Grow in 2023 these F1 varieties:
Medusa F1 (heterozygous ph2 an d ph3)
Darkstar F1 (heterozygous ph2 an d ph3)
Hot Streak F1 (heterozygous ph2 an d ph3)
Summer sweethard F1
Darkstar F1 is very productive.
Also have experience with some very strong OP varieties:
Primabella
Rondobella
Resibella
Philamina (very good tasting)
Sunviva
Vivagrande
Mountaineer Pride (homozygous ph2 and ph3)
Mountaineer delight (homozygous ph2 but no ph3 and not strong enhoug)
@Karin , i dit not know Red Pearl is a F1, i was thinking its OP. Dit u found a lot of segregation?
Im also make my own Hybrids with late blight resistance. And hope to found a selection with very good taste.

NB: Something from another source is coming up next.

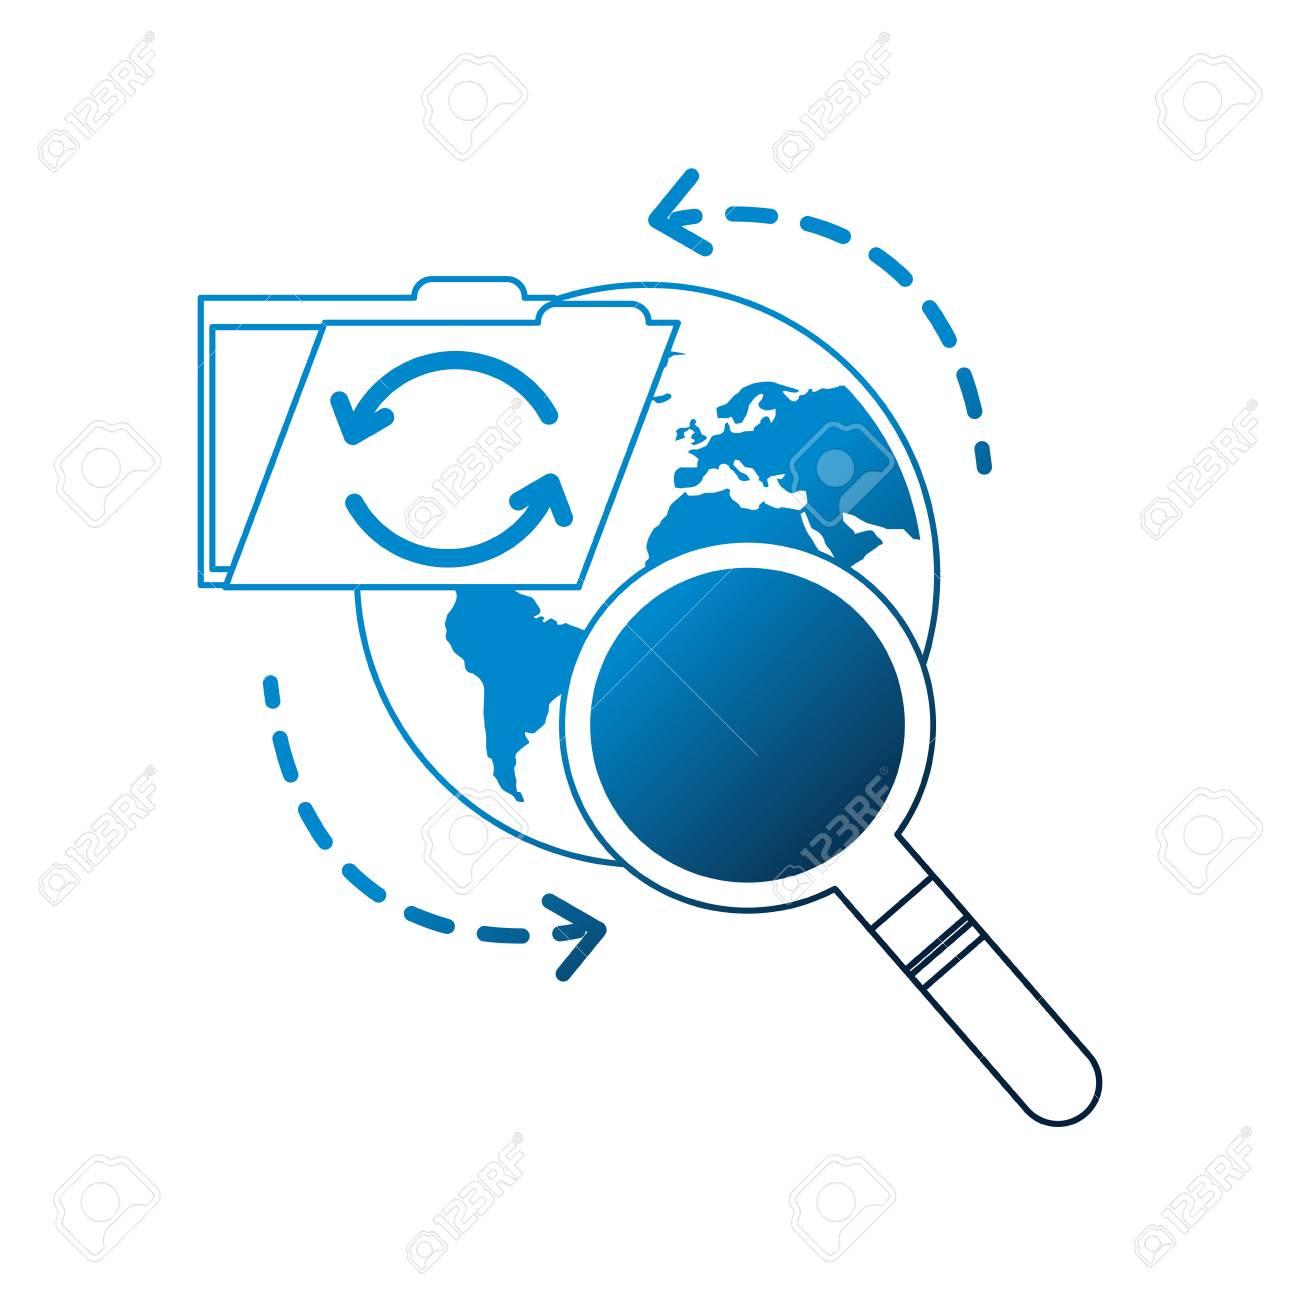 world reload folder file data searching vector illustration neon - 107975975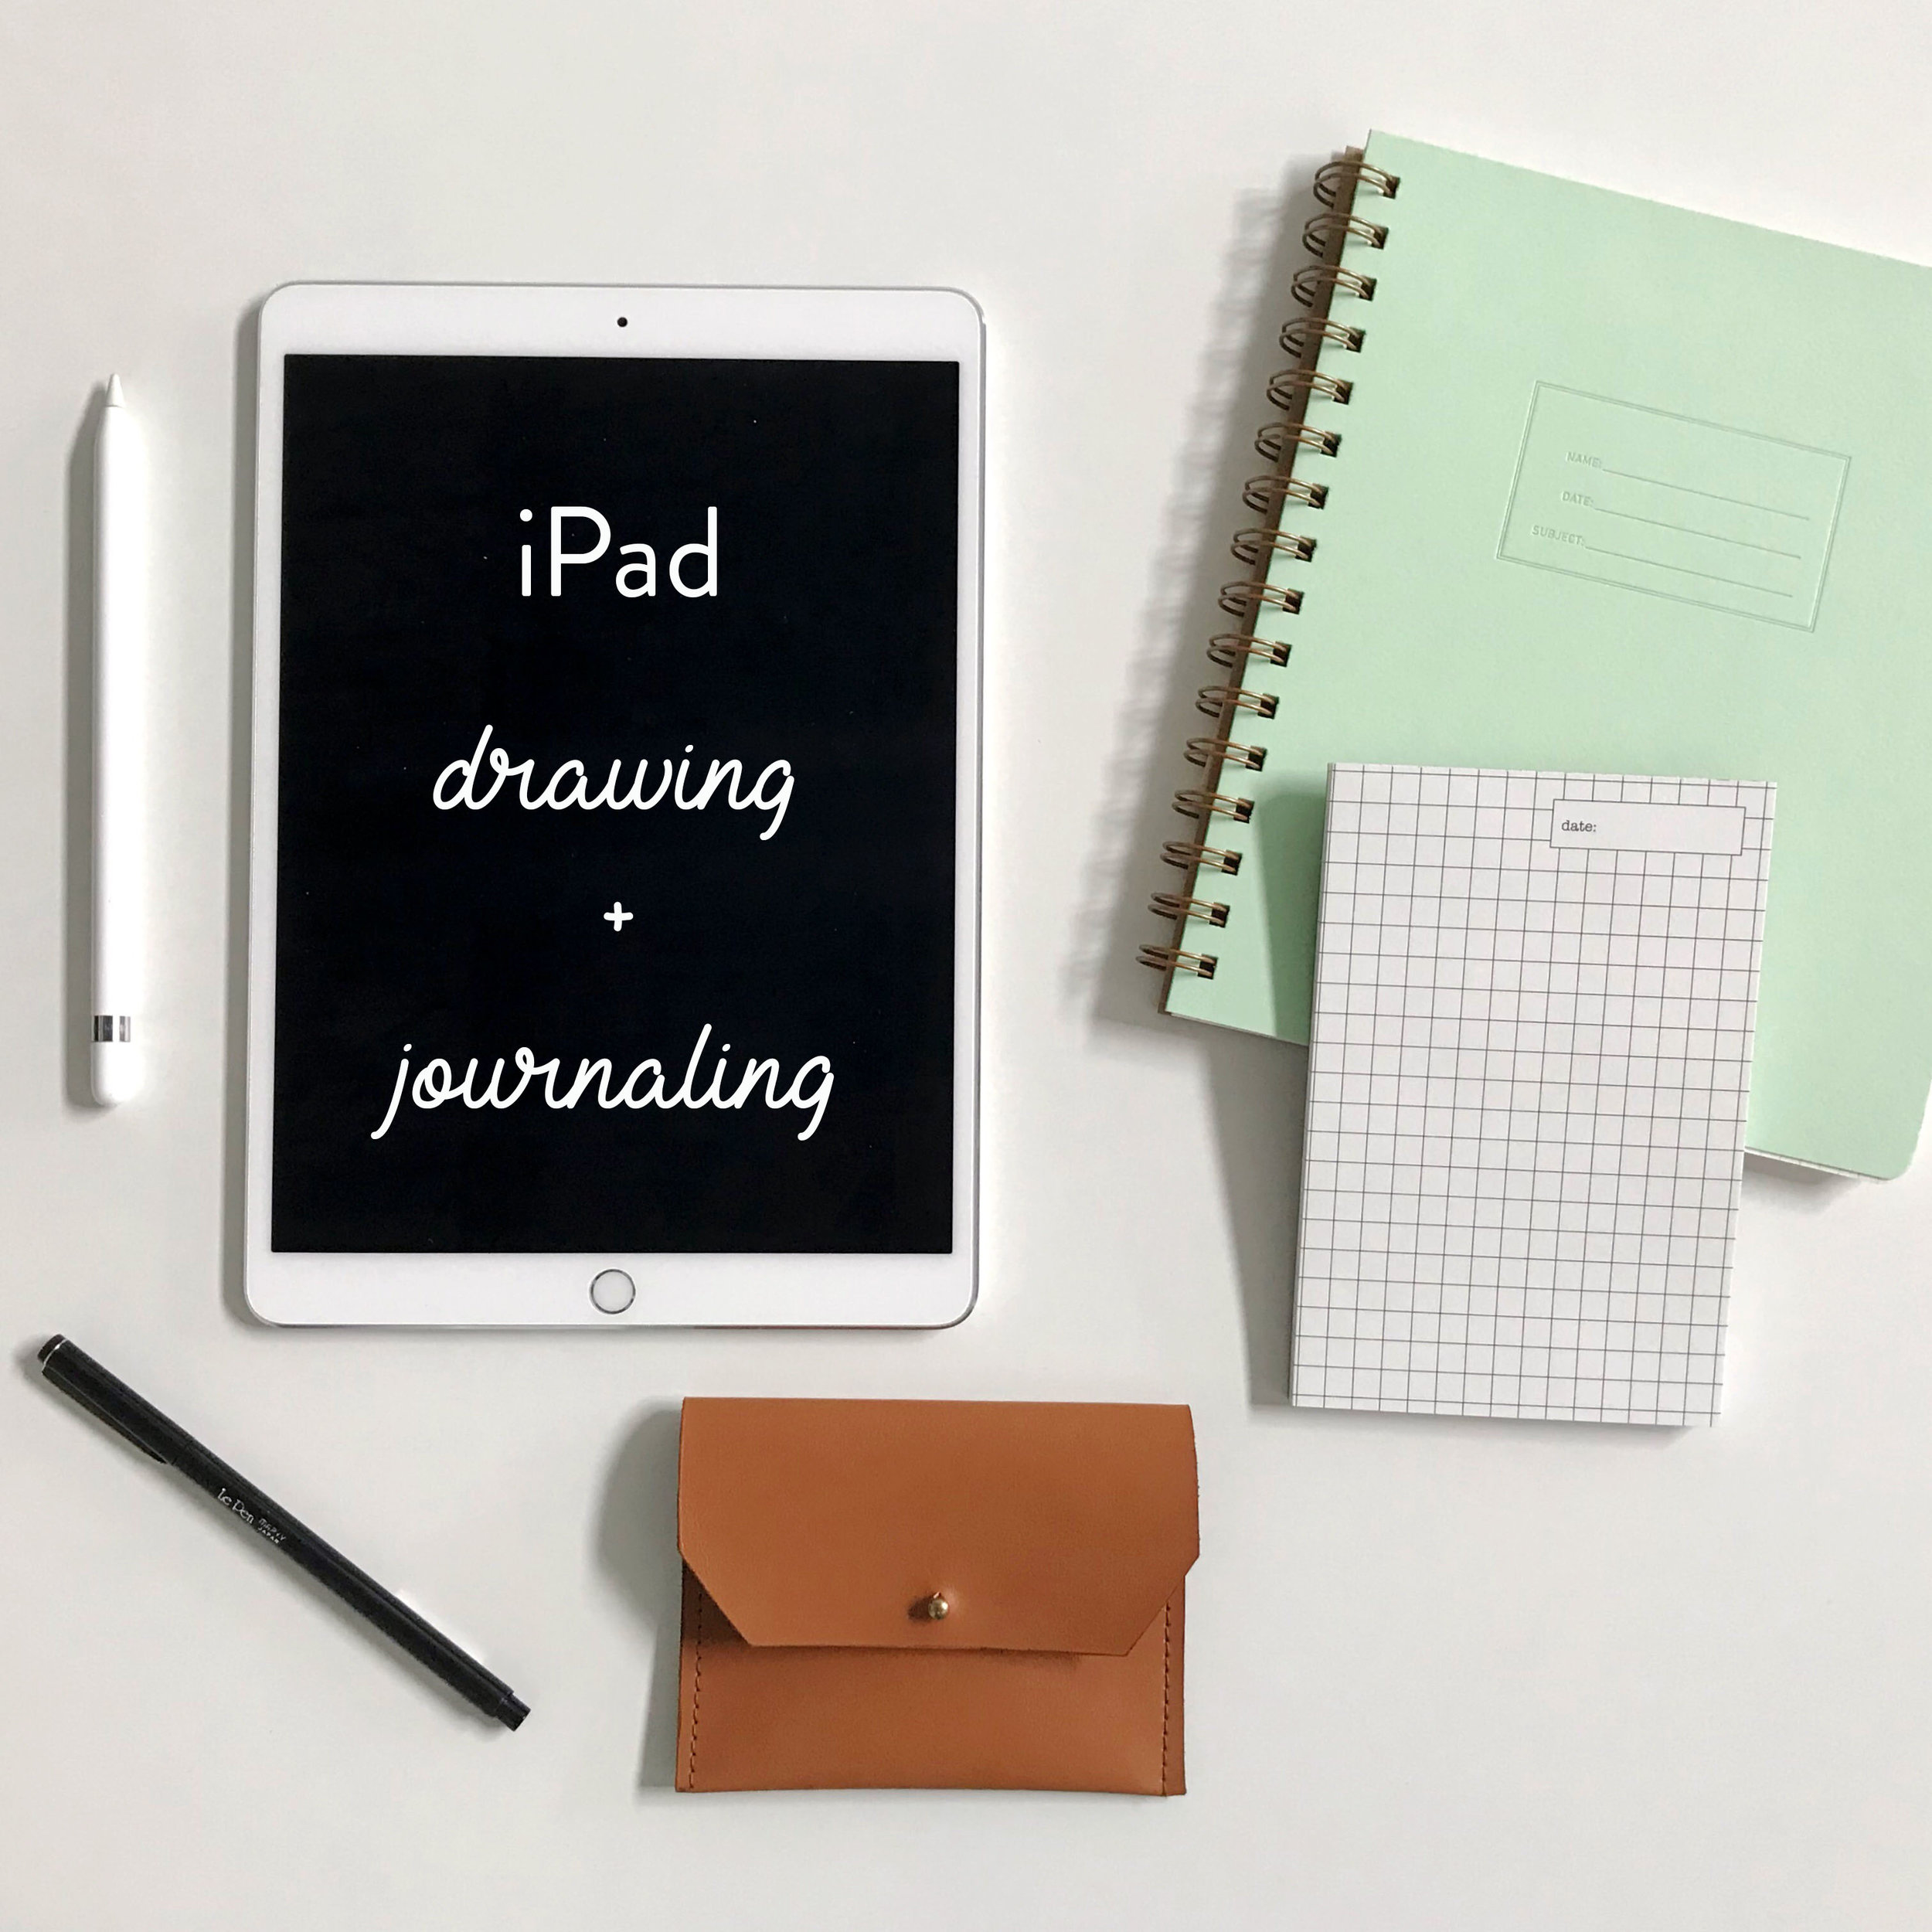 papercraftpantry-workshops-beginners-ipad-drawing.jpg

Red Pearl x Rondobella is very good tasting, but today I read that Red Pearl is not OP variety?
Im now looking for a plum variety for sauce like Plum regal. Someone iw growing these?
The earliest huge tomatoes I’ve ever seen were some my allotment neighbour grew this year. They were Country Taste F1 and had a very good (but not excellent) flavour. I don’t know anything about the parentage, but I have saved some seed for my own tomato landrace project.
Would that “friend” be me? Yes they do extremely well for me all the way up in the far North.
Still my favorite tomato variety.
This year, due to 7 weeks of constant rain we got LB for the first time and I cut down all plants the moment it hit, sorry I could not observe LB resistance. As I want to be able to grow toms in that area (next bed) next year too so I didn’t want oospores all around me (both mating types are present in Sweden, for what I’ve read, so you do get oospores as well if you’re taht unlucky).